**GIVEN INFORMATION**.
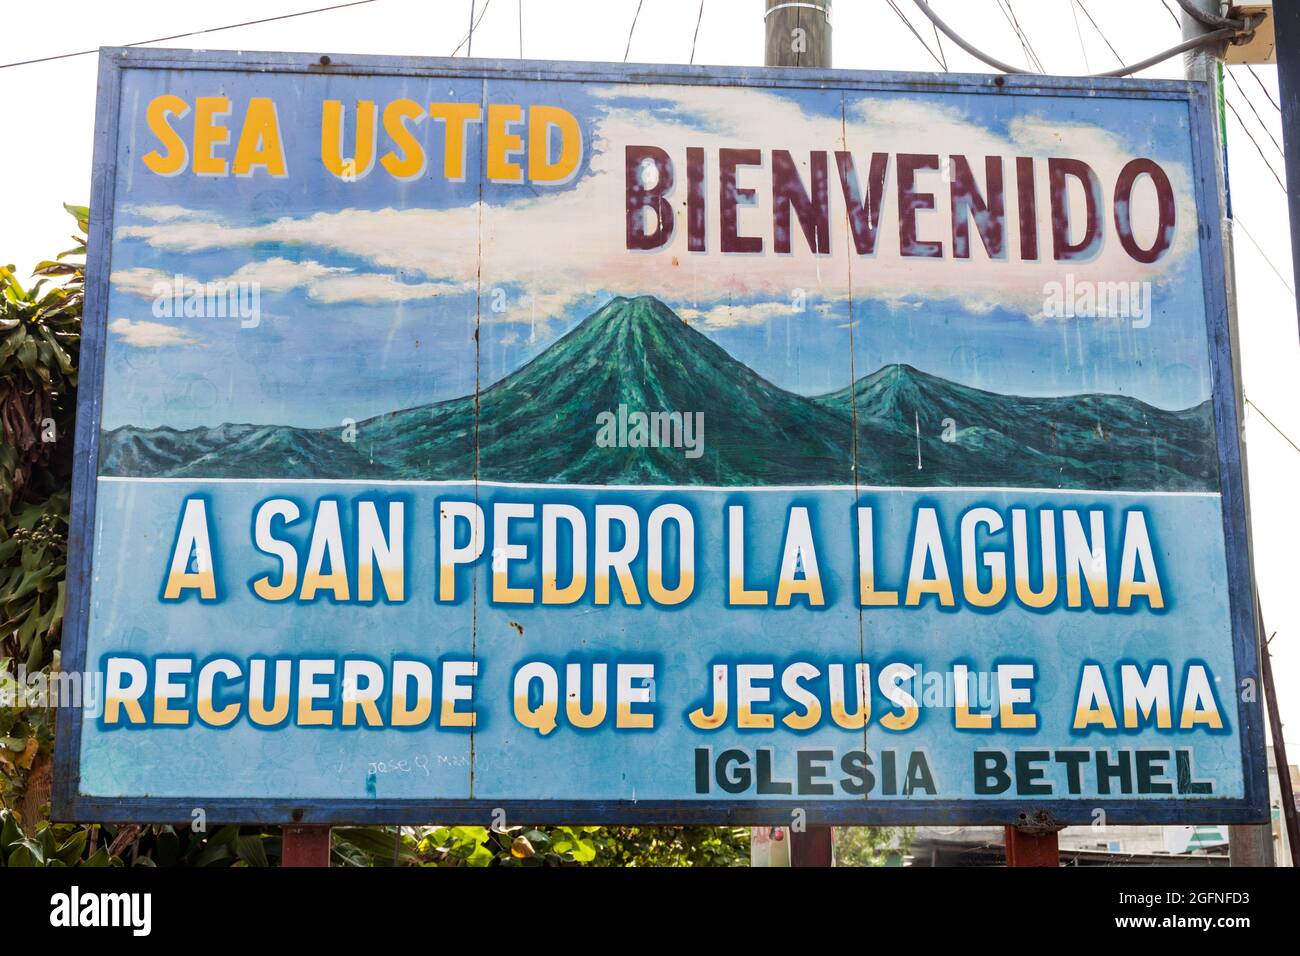 SAN PEDRO LA Laguna, GUATEMALA - 23 MARZO 2016: Cartello siate accolti a San Pedro la Laguna, ricordate che Gesù vi ama. Il cartello si trova in questa villa Foto Stock
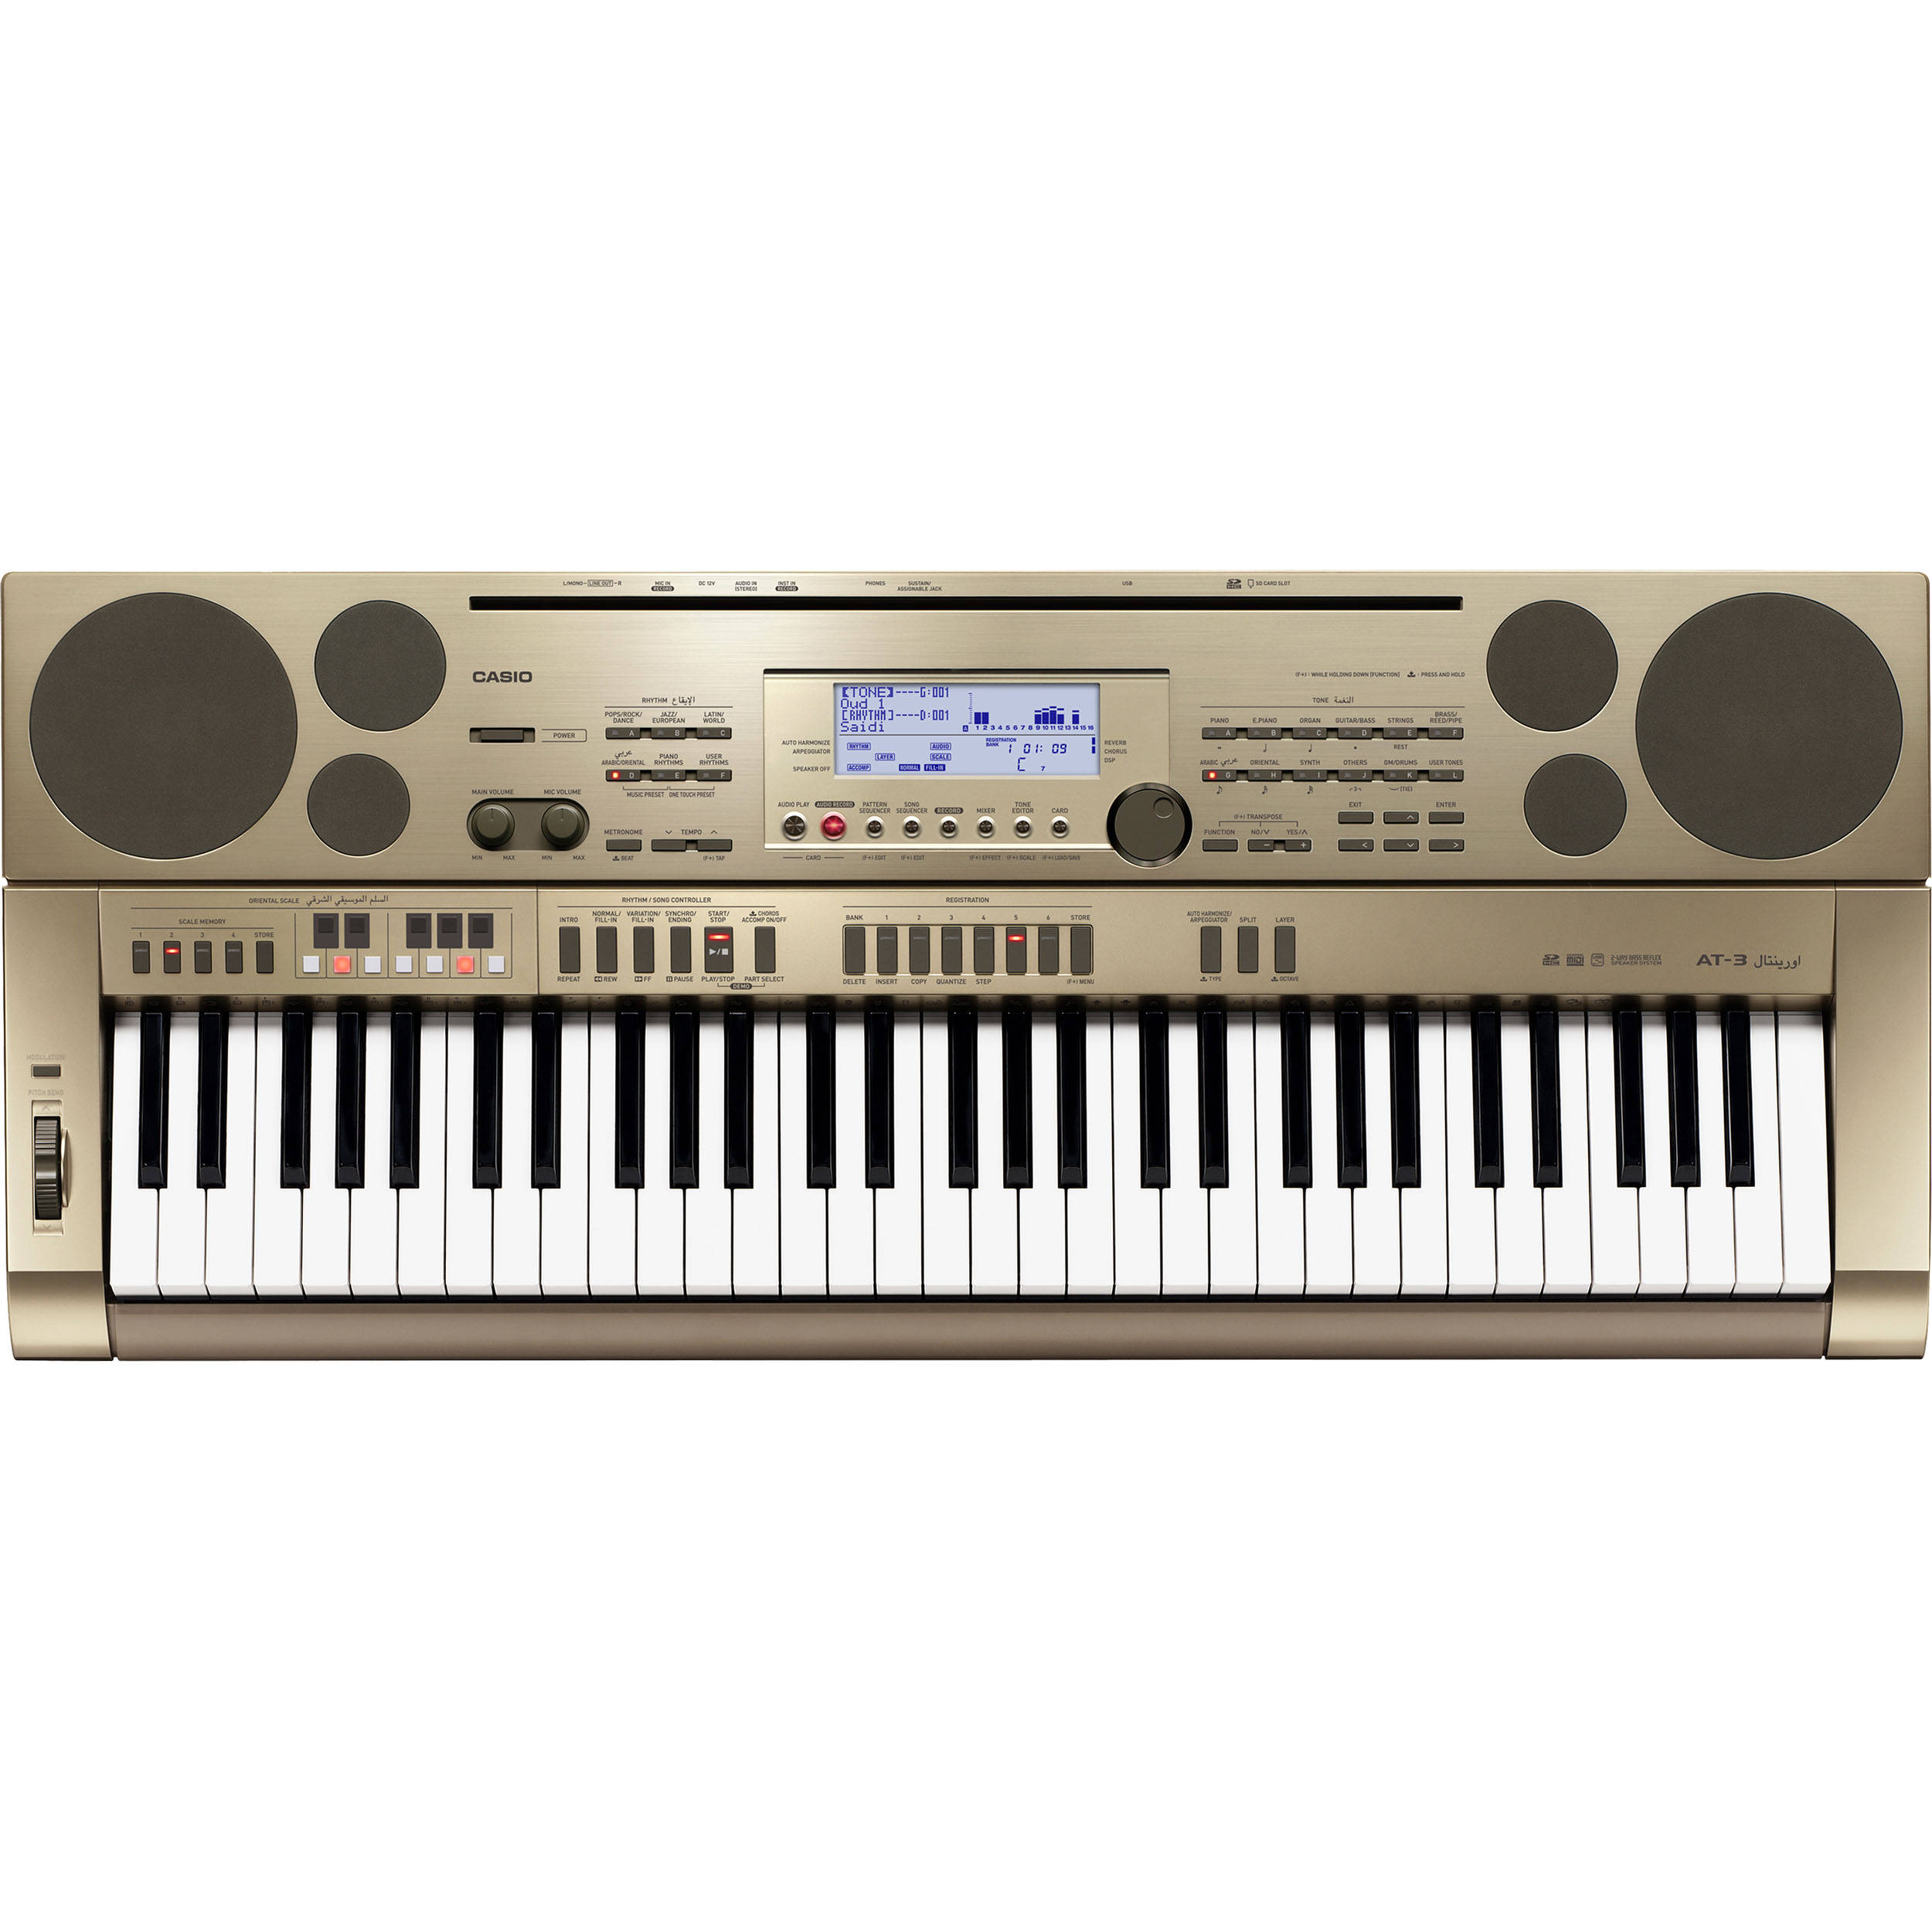 Casio keyboard songs downloads
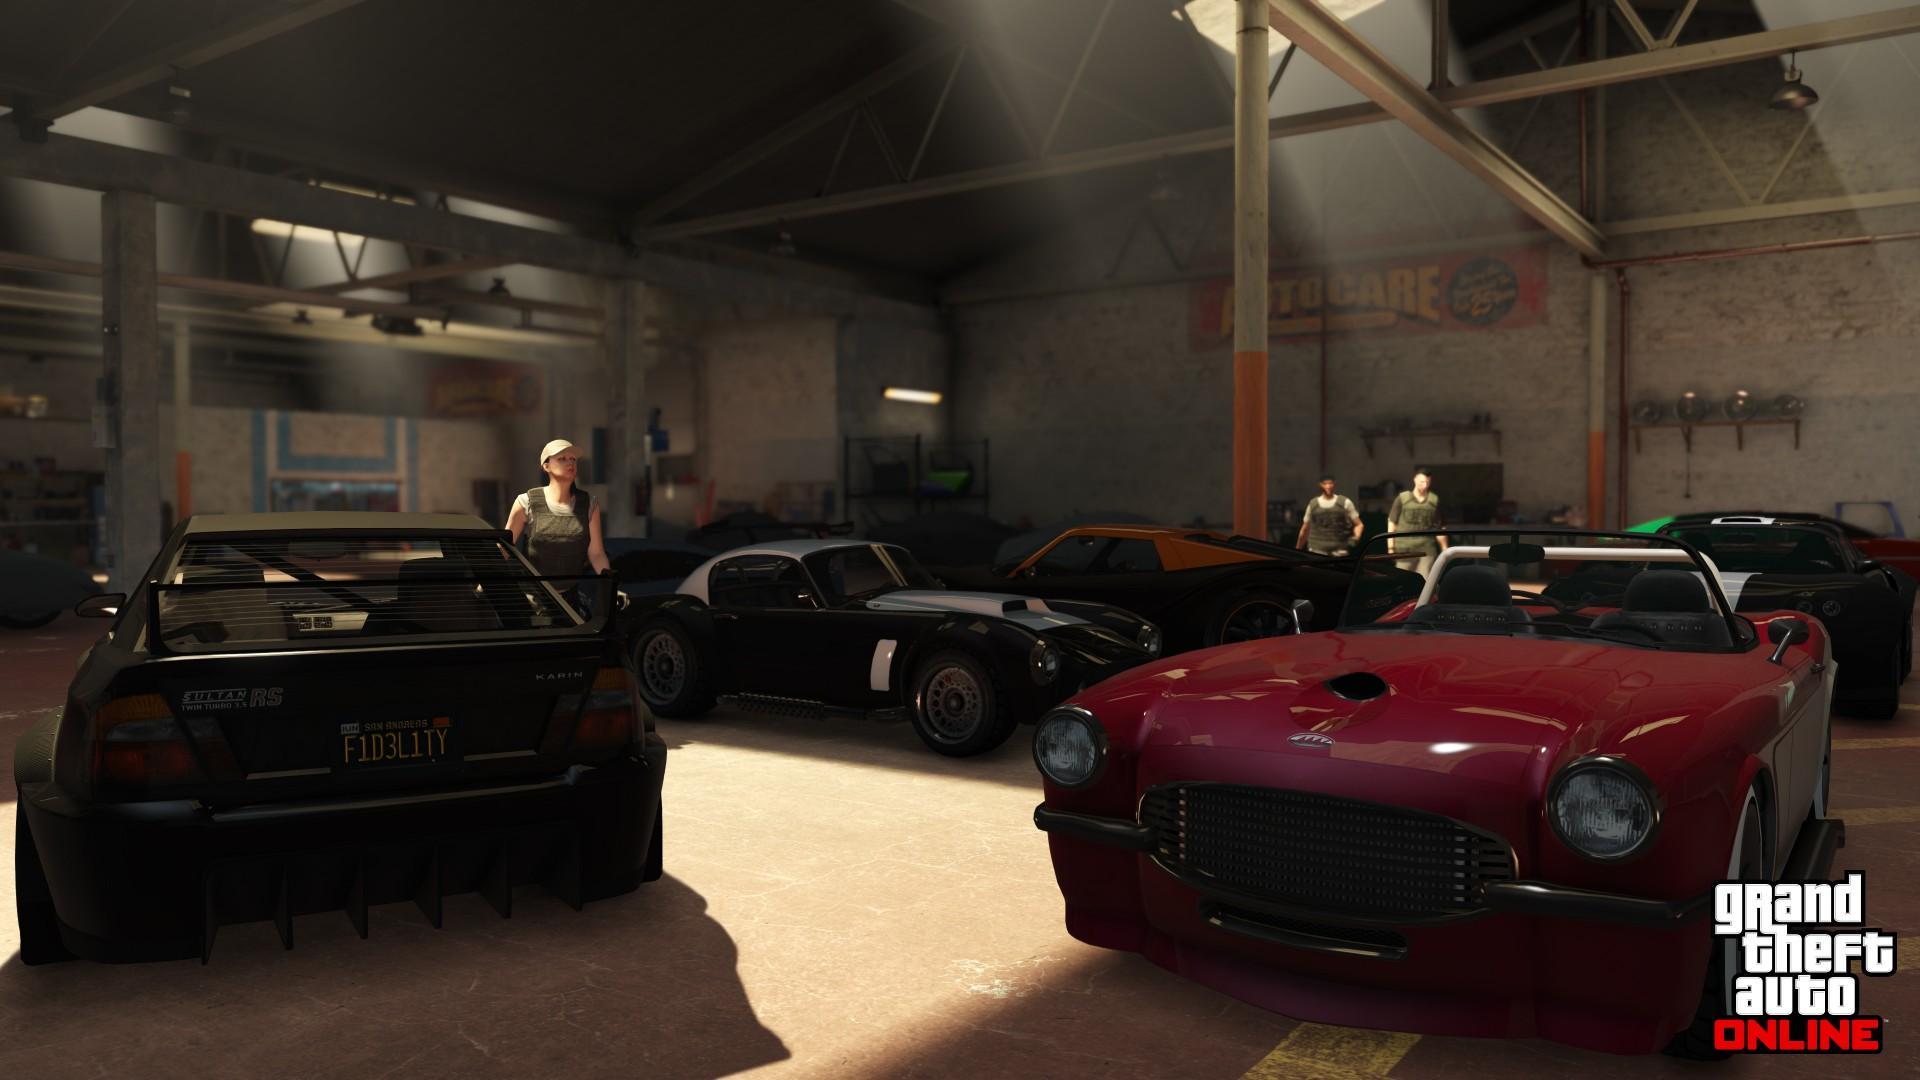 Склад транспортных средств — первый способ заработка в GTA Online.

**TASK PROMPT**. Transcribe all the material exactly; skip every image.

**RESPONSE**.
 SAN PEDRO LA Laguna, GUATEMALA - 23 MARZO 2016: Cartello siate accolti a San Pedro la Laguna, ricordate che Gesù vi ama. Il cartello si trova in questa villa Foto Stock
 Casio keyboard songs downloads
 Склад транспортных средств — первый способ заработка в GTA Online.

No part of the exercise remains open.